I'm also trying to remove the public part of the URL and have hit some problems. I've set up the rails skeleton in /httpdocs/ and it works fine when going to /public/. I've modified the dispatch.* files and placed them in /httpdocs/ and copied in .htaccess (I haven't done the mod_rewrite changed yet).

However, when I now go to / after a while I get an Error 500 because the rails application couldn't start.

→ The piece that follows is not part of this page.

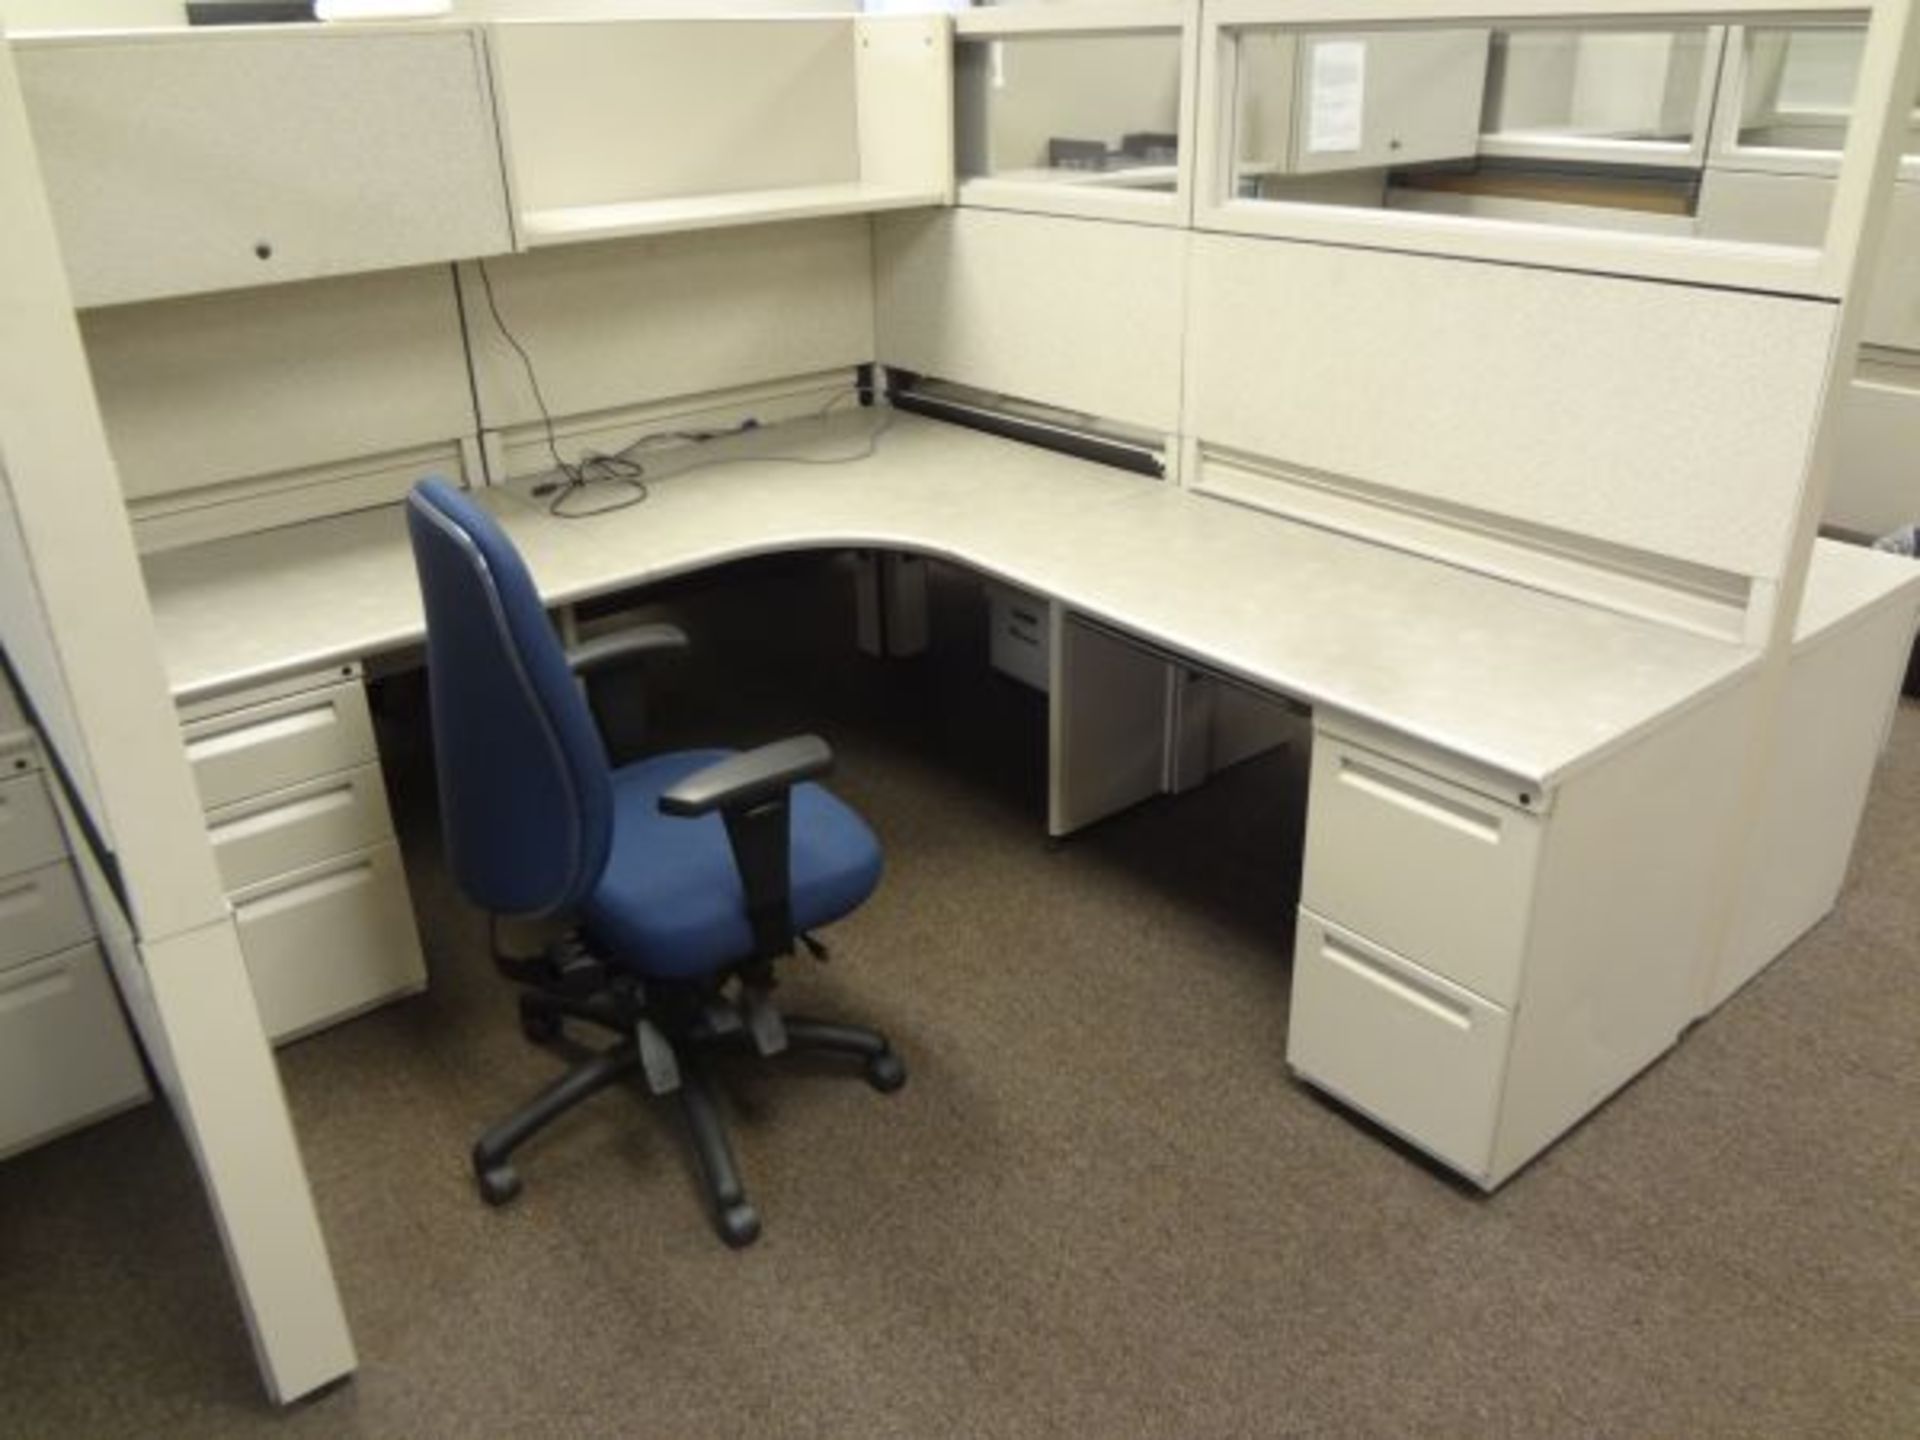 (LOT) 88" X 86" X 65" SIX-PERSON MARVELL MODULAR OFFICE INCLUDING (1) OVERHEAD CABINET, (1) OVERHEAD - Image 2 of 6

I can't see anything in the logs about why.

Any help is appreciated.

Posted by: Michael Smith at September 17, 2007 11:43 AM

Do you still get a 500 error if you retry the page straight away?

When you get those sorts of crashes, it usually generates a log in RAILS_ROOT/log/fastcgi.crash.log rather than the usual log file.

I did sometimes get 500 errors because the dispatch.fcgi had given up waiting before rails had had chance to start, but if I reloaded the page straight away rails would have started and the subsequent request would succeed.

That was a separate problem that I ended up having to tweak the dispatch.fcgi to fix.

Posted by: Adrian at September 18, 2007 08:20 AM

I know this is an old topic, but I really need your help with this stuff...

34SP.com have set up Passenger now so that Rails runs better with Apache, which is great!

I want to do the same as you have here, but don't know if I can use the dispatch.rb script with Passenger. Would you know if it's possible?